Dr. Seder and colleagues have developed a second antimalarial monoclonal antibody, L9LS, which is much more potent than CIS43LS and can therefore be given at a lower dose as an injection under the skin (subcutaneously) rather than by intravenous infusion. Early Phase NIAID L9LS Trials in the United States Show Antibodies to be Safe and Prevent malaria infection for 21 days in 15 of 17 healthy adults exposed to P. falciparum under carefully controlled conditions.
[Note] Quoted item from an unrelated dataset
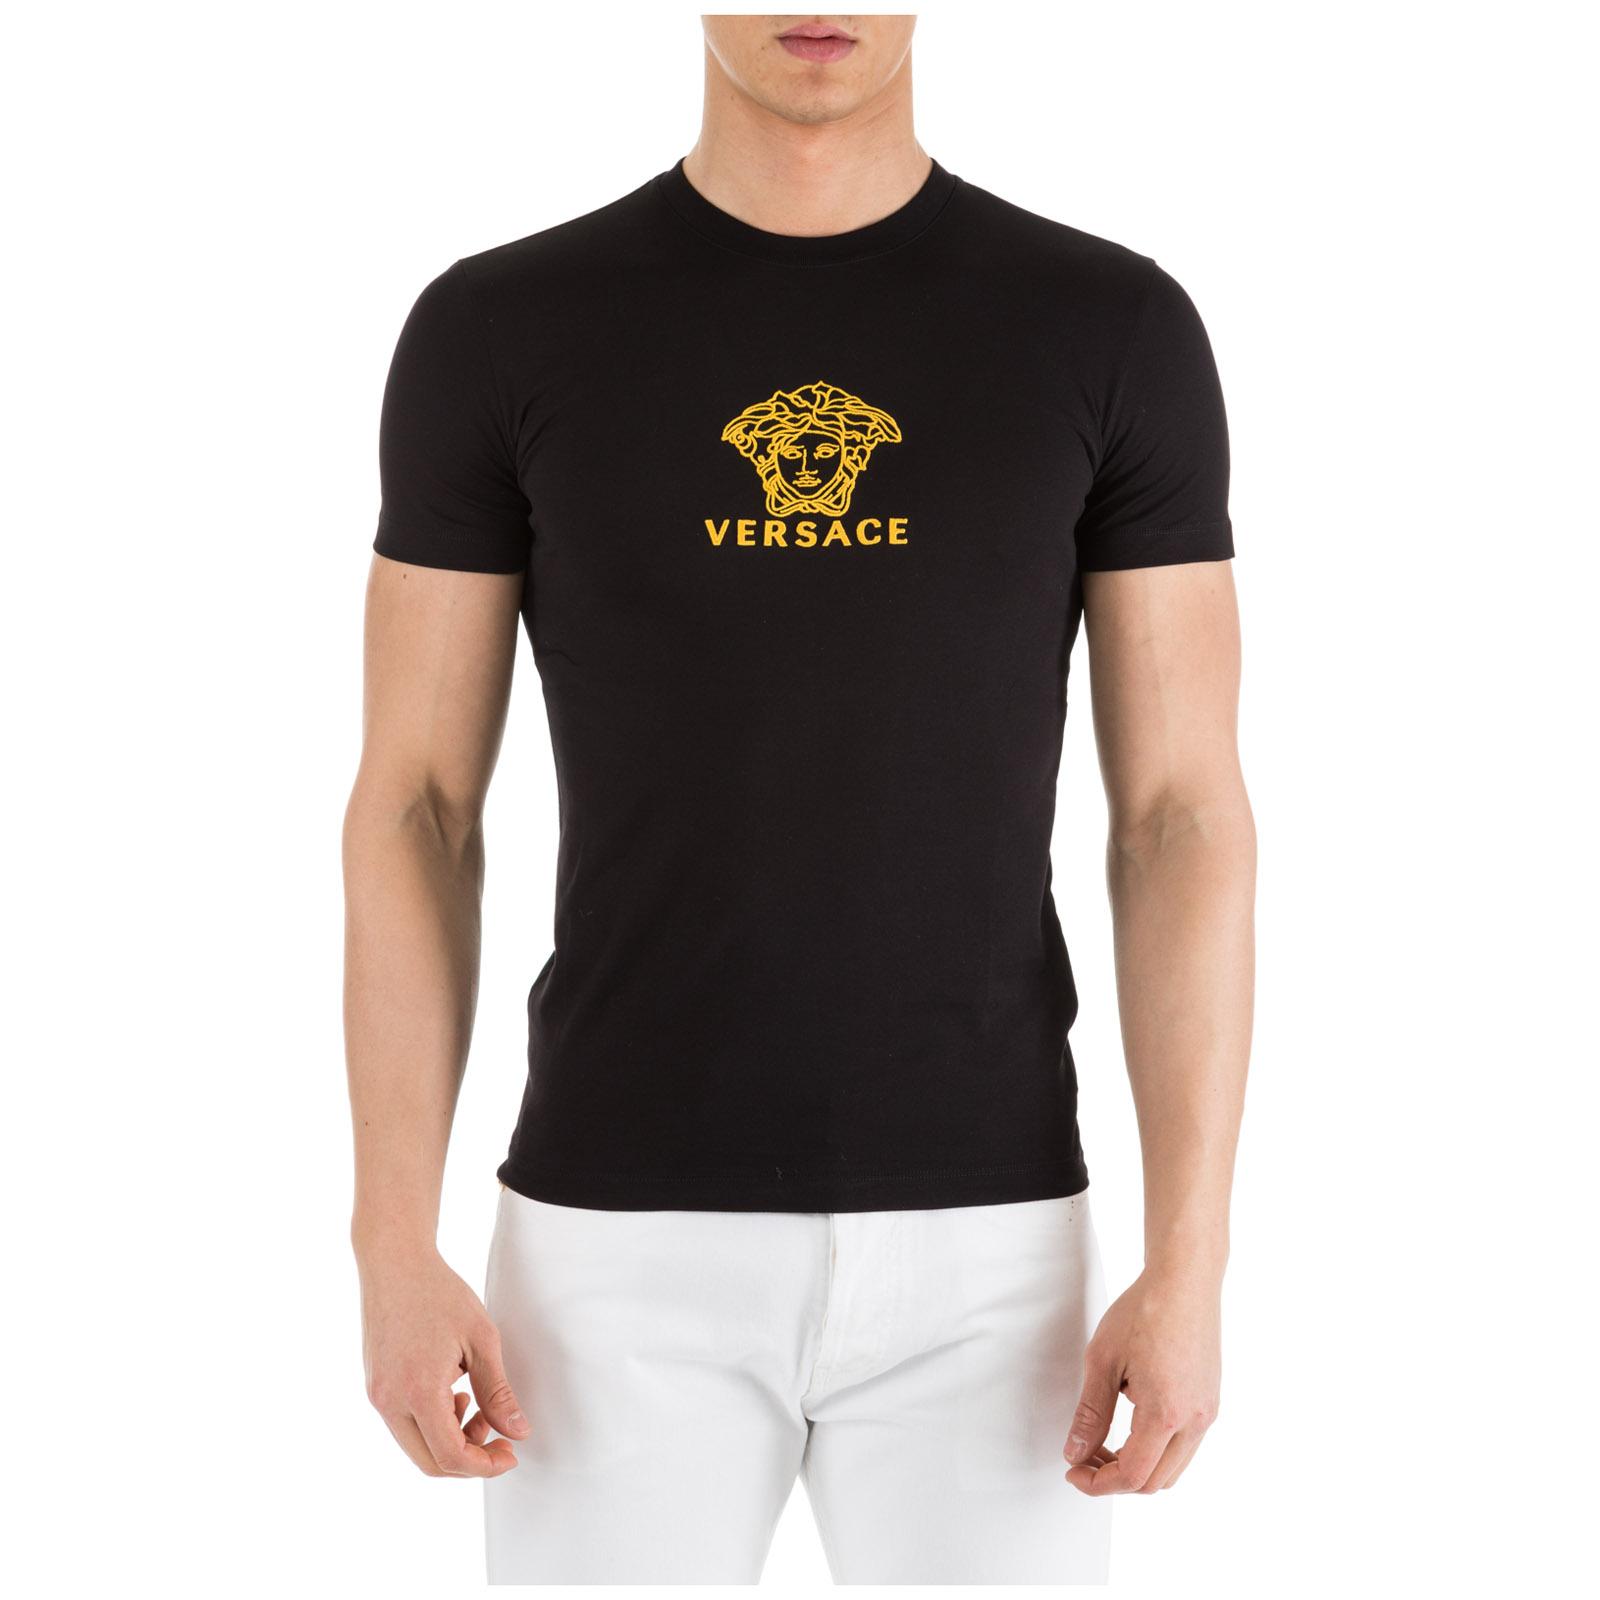 033a2859 Versace Men's Short Sleeve T-Shirt Crew Neckline Jumper In Black ...

Two larger NIAID-funded phase 2 trials are underway in Mali and Kenya, evaluating the safety and efficacy of L9LS in infants, children, and adults.
Kasum Kayentao. Testing the safety and efficacy of antimalarial monoclonal antibodies in adults and children in Africa. Session 41—Progress in the Discovery and Clinical Development of Antimalarial Monoclonal Antibodies. ASTMH 2022 Annual Meeting, Seattle. Monday, October 31, 2022 5:40 PM PT.
Kassoum Kayentao et al., Safety and efficacy of monoclonal antibodies against malaria in Mali. New England Journal of Medicine DOI: 10.1056/NEJMoa2206966 (2022).
RL Wu et al. Low-dose subcutaneous or intravenous monoclonal antibody for malaria prophylaxis. New England Journal of Medicine DOI: 10.1056/NEJMoa2203067 (2022).